PS. Man I love this forum. I come here only from time to time when I'm stuck and it's always so refreshing. Lots of people I can relate to.


----------



## yeah_yeah_yeah (Mar 27, 2007)

Hello Elasere

I've generally not been posting here lately but as you PM'd me I thought I'd reply. I can relate to what you've written and in many ways I'm not sure that what I have to tell you will be an immediate relief.

An aspect of CBT that I missed when I started is that sometimes, bad stuff DOES happen. I grabbed hold of CBT and thought it would transform me into a world beating super stud that could make EVERYONE love me. When it worked for me, what I in fact found was that the people I did get on with I felt comfortable enough to nurture the relationship, and the ones I didnt click with I wasnt upset about.

In the time when the CBT didnt work, I was hugely upset by any interaction that wasnt fantastic, and this carried over into any interaction that went well - my fears and anxiety in that moment meant it was hard to take the relationship anywhere meaningful. 

I found it helpful to see that some folks I wont get on with, no matter how much I want to, but that it doesnt mean I have failed. It just means I have faced a universal human tryth - not everyone can get on all the time.
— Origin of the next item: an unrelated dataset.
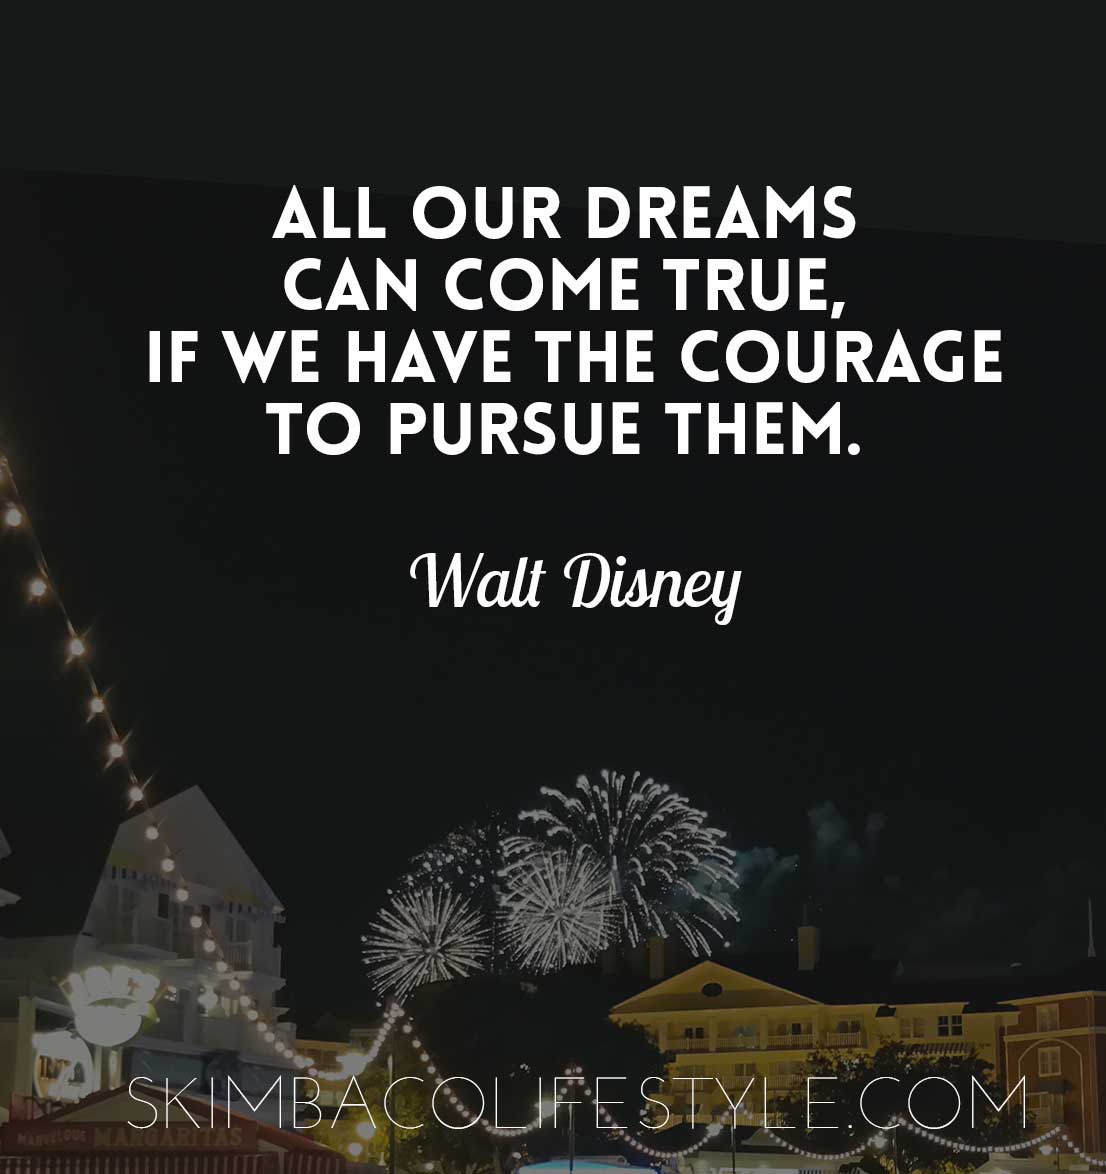 All our dreams can come true, if we have the courage to pursue them. Walt Disney. Via @skimbaco

A lot of it comes from valuing yourself too, so self acceptance (or self esteem if you want to call it that) is a good thing to work on too, in a way, working on bits of yourself through therapy that isnt DIRECTLY to do with your worries about being boring. Feeling dull is very typical of SA and the anxiety itself limits your social creativity. 

Re: Lack of progress - have you considered that maybe your therapist isnt up to scratch? I have just changed therapists after realising that my last one never DID anything. My new one is very pro-active and we are going extensively into experiments and cognitive work. If you are with a therapist that cannot help you to find the right way to challenge your thoughts, think about finding a new one.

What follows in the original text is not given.